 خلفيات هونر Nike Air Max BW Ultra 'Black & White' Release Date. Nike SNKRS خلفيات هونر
==
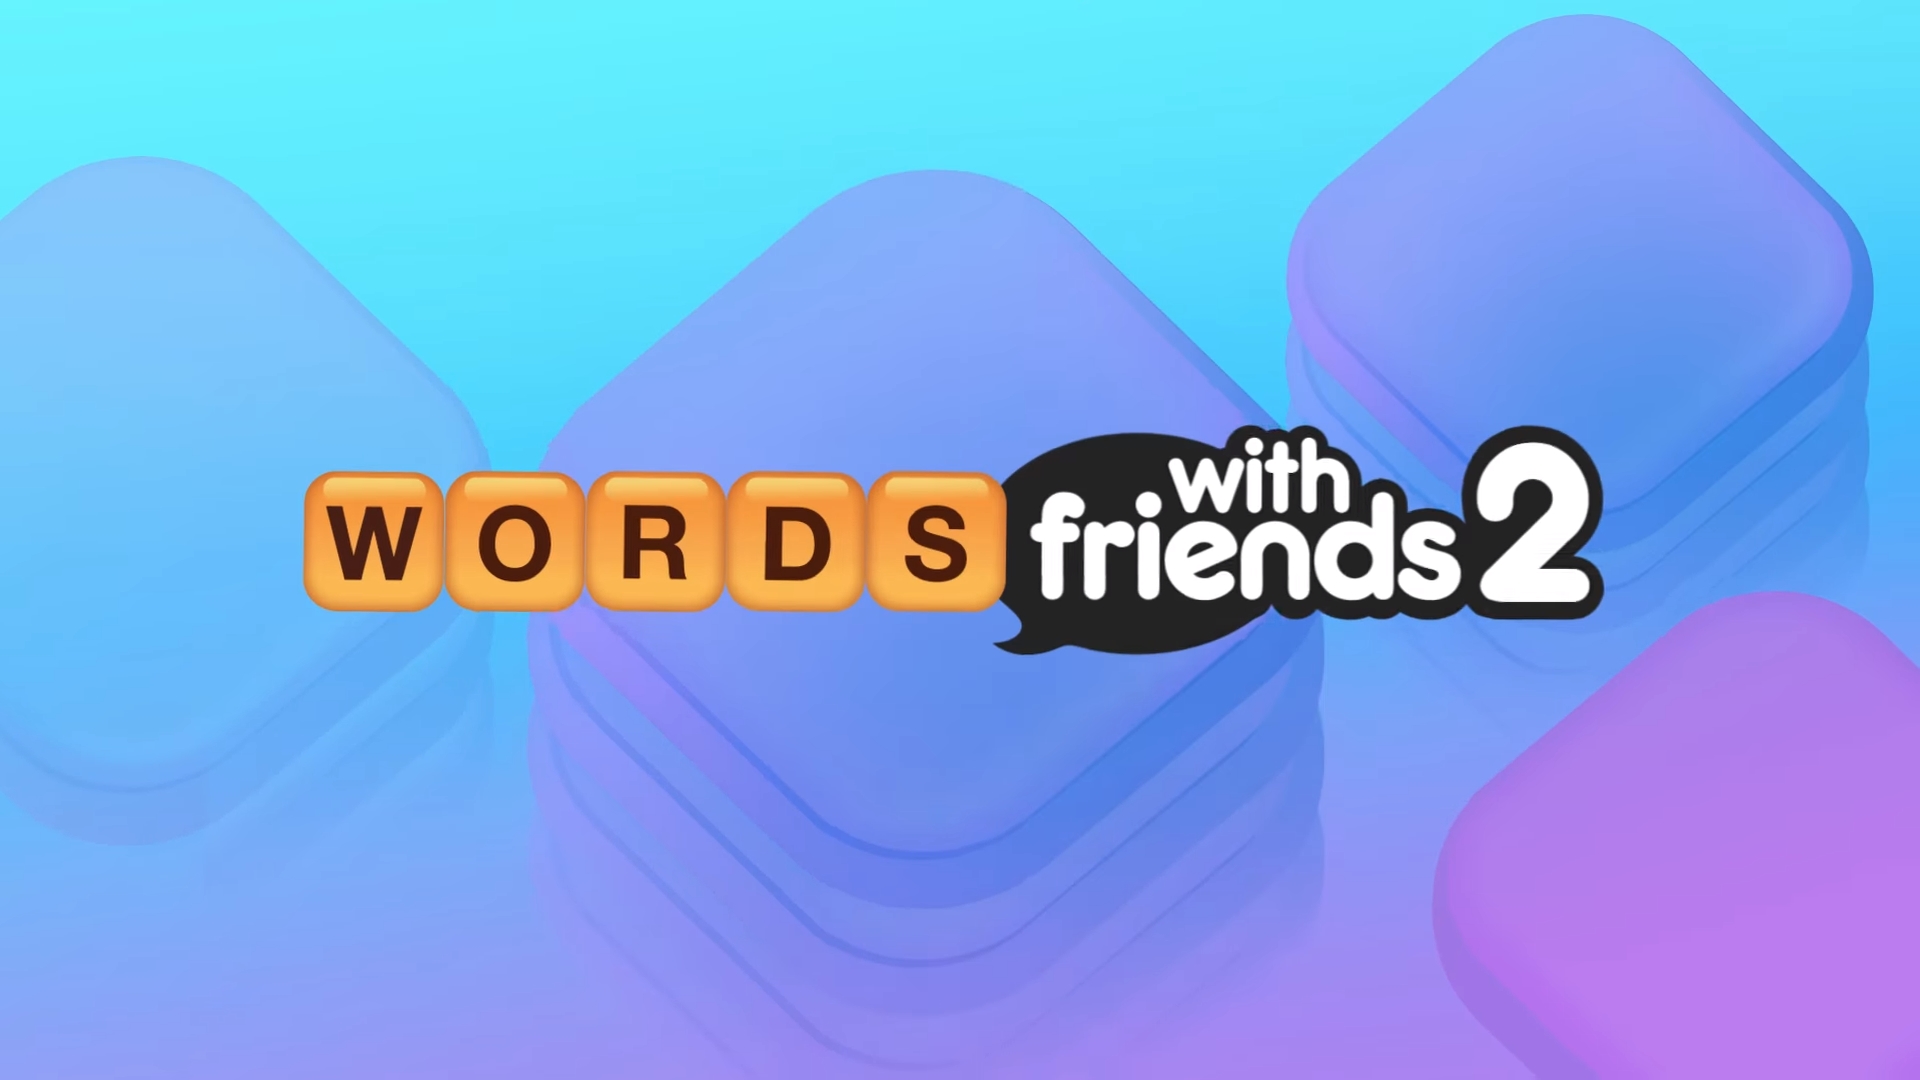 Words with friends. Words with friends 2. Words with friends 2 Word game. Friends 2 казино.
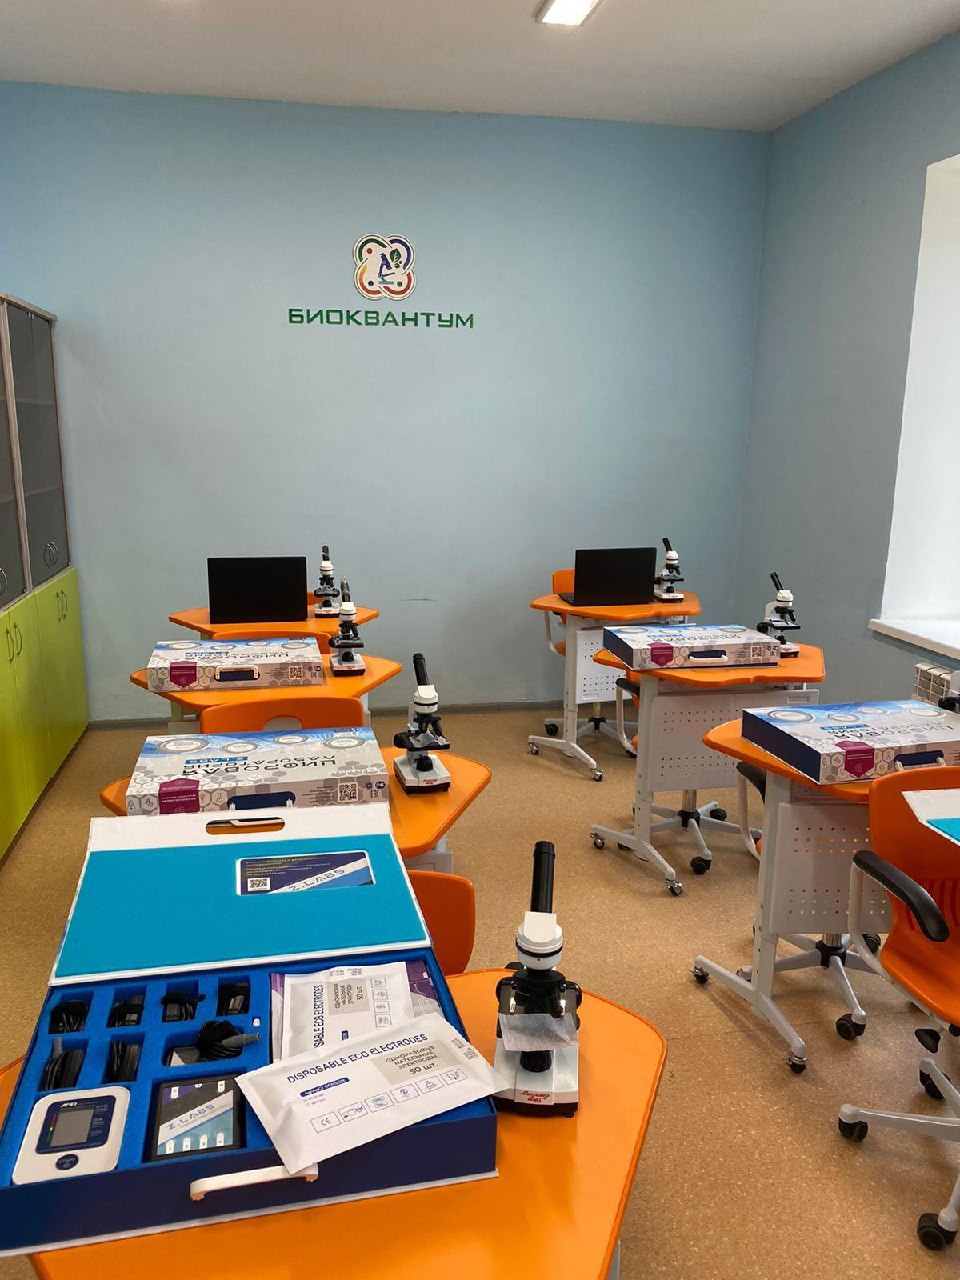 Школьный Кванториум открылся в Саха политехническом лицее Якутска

[Description of the task]
Give back the exact lines above, running from the one that has "Words with friends." through the one that has "Школьный Кванториум открылся", with nothing added and no pictures.

[Exercise answer]
 Words with friends. Words with friends 2. Words with friends 2 Word game. Friends 2 казино.
 Школьный Кванториум открылся в Саха политехническом лицее Якутска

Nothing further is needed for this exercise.